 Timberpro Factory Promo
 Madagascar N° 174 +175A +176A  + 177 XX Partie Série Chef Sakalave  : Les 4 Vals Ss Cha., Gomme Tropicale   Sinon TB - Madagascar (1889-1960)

──────

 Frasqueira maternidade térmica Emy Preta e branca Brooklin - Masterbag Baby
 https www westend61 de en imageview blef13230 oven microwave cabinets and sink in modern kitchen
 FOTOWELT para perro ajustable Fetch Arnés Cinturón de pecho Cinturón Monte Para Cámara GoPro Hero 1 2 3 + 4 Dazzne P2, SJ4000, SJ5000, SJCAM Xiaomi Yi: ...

──────

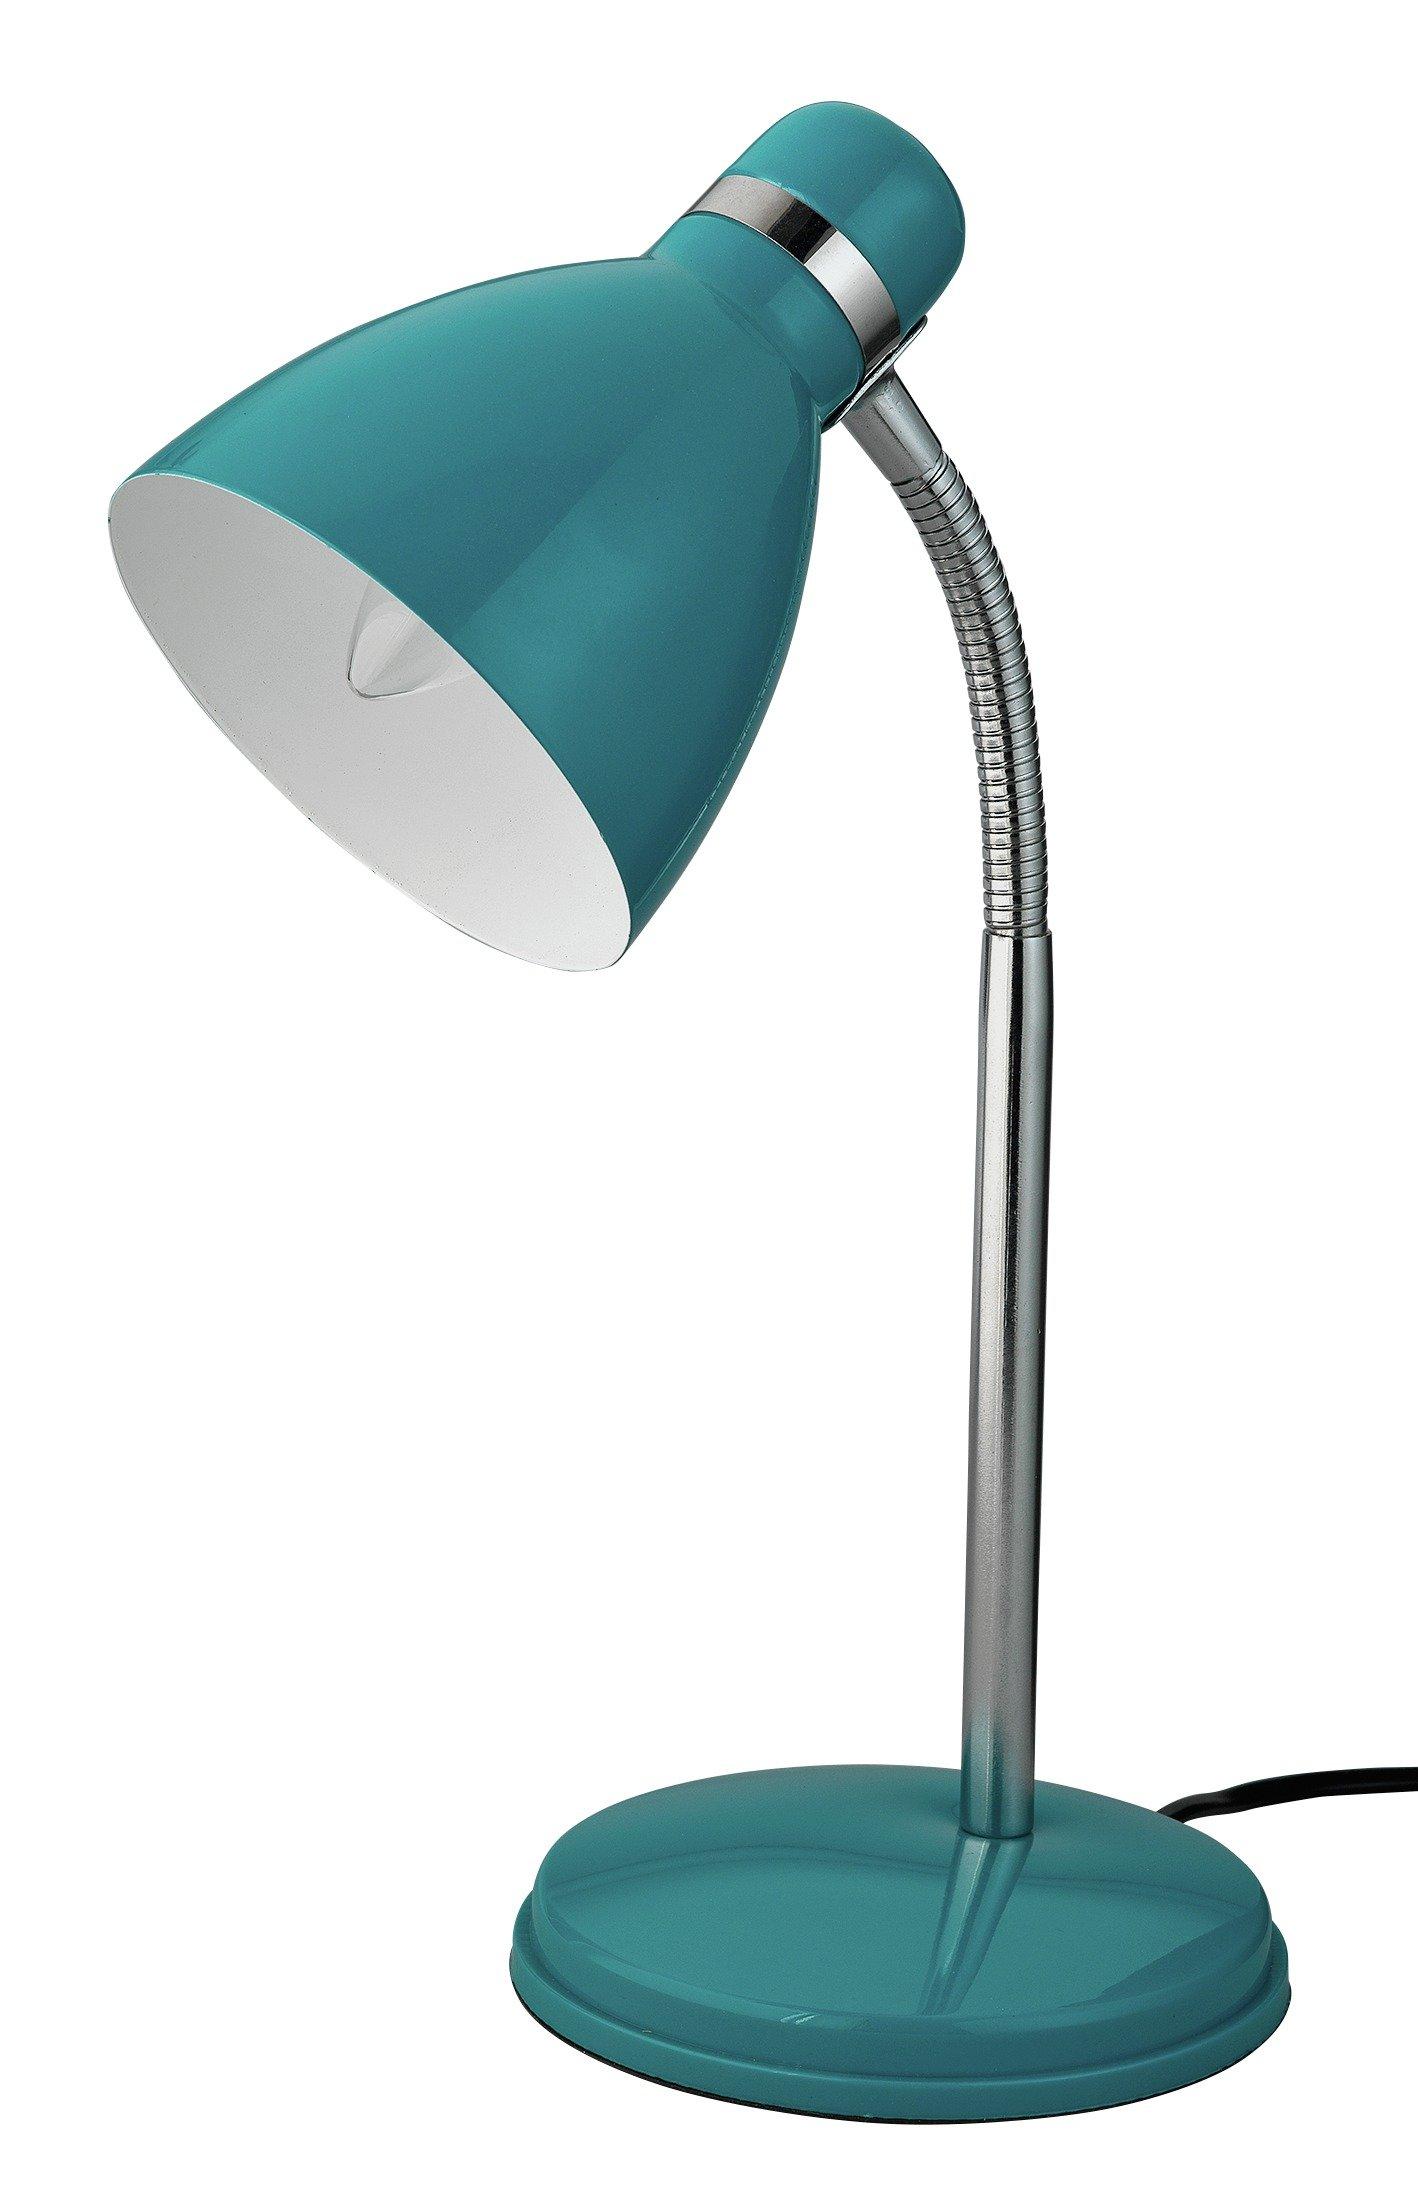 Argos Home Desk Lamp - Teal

──────

Exercise instructions:
In your answer, include only the lines above starting at the line that holds "Timberpro Factory Promo" and ending at the line that holds "Madagascar N° 174", copied exactly.

Finished task:
 Timberpro Factory Promo
 Madagascar N° 174 +175A +176A  + 177 XX Partie Série Chef Sakalave  : Les 4 Vals Ss Cha., Gomme Tropicale   Sinon TB - Madagascar (1889-1960)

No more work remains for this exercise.